Perilaku dan fenomena selfie muncul sebagai konsekuensi dari berbagai kemajuan
teknologi yang tumbuh dengan pesat. Walau terkadang berbagai kemajuan teknologi ini
tidak bertumbuh seiring sejalan dengan pola pikir dan mentalitas sebagian orang.
Tidak ada salahnya melakukan selfie namun belakangan ini fenomena selfie yang
berkembang memunculakan dampak negatif sehingga mengarah pada perilaku
vandalisme. Menurut Kamus Besar Bahasa Indonesia: Vandalisme : 1 perbuatan merusak
dan menghancurkan hasil karya seni dan barang berharga lainnya (keindahan alam dsb); 2
perusakan dan penghancuran secara kasar dan ganas.
Vandalisme sendiri berasal dari kata Vandal, sebutan bangsa Romawi kuno kepada
sebuah suku di Jerman yang memiliki kebiasaan merusak dan menistakan dengan kejam
segala karya yang indah dan terpuji. Dalam artian modern, vandalisme adalah segala
bentuk perusakan (memecahkan, menghancurkan, mencoret-coret) properti milik pribadi
maupun umum tanpa adanya konsesi (kerelaan atau persetujuan) dari pemilik properti.

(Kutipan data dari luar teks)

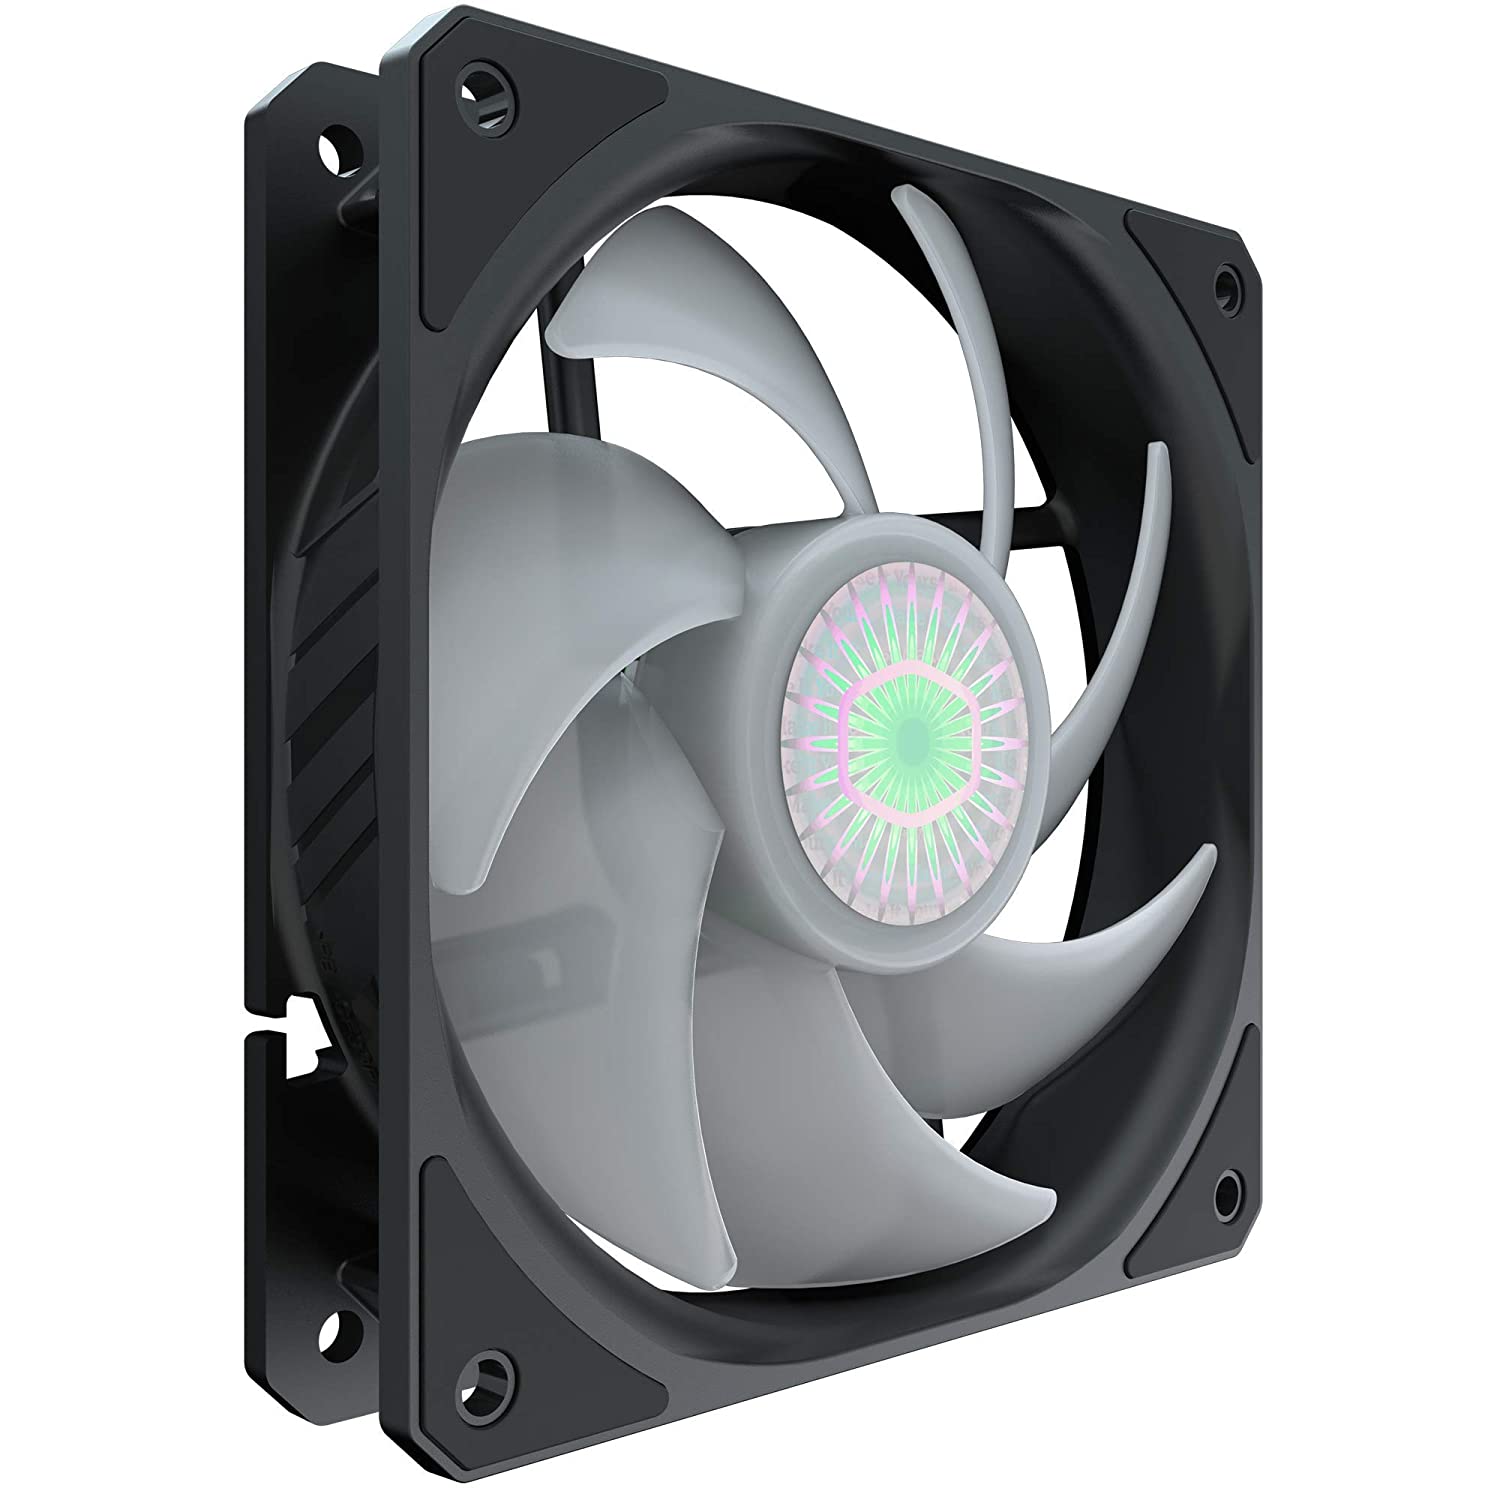 Cooler Master SickleFlow 120 RGB Square Frame Fan with Customizable LEDs, Air Balance Curve Blade Design, Sealed Bearing, PWM Control for Computer Case & Liquid Radiator

Perilaku ini dapat kita lihat pada beberapa waktu yang lalu dengan kembali hilangnya
salah satu huruf pada plang nama masjid raya sumatera barat, kali ini huruf yang hilang
adalah huruf T sehingga plang nama menjadi masjid raya sumatera bara. Penyebab
hilangnya huruf T dan siapa pelaku dari hilangnya huruf tersebut hingga kini masih
belum diketahui.
Seperti yang kita ketahui bersama plang nama masjid raya sumatera barat tersebut
menjadi tempat atau spot untuk berfoto masyarakat sebagai landmark dari kota padang.

Tak jarang masyarakat yang melakukan aktifitas ber-selfie ria disana menaiki plang nama
masjid raya tersebut untuk mendapatkan angle yang menarik. Kejadian hilangnya salah
satu huruf di plang nama masjid raya sumatera barat ini merupakan sudah yang kesekian
kalinya.
Namun tampaknya hal ini belum mendapat perhatian yang seirus dari pemerintah
daerah karena belum adanya himbauan dan sangsi yang jelas yang diterapkan bagi pelaku
pengrusakan fasilitas publik tersebut. Melalui tulisan ini penulis berharap agar pihak
terkait dapat memperhatikan dan melakukan tindakan agar tidak menjadi preseden buruk
bagi kota padang yang sedang menggalakan gairah pariwisatanya dimana masjid raya
sumbar merupakan salah satu landmark yang ada di kota padang.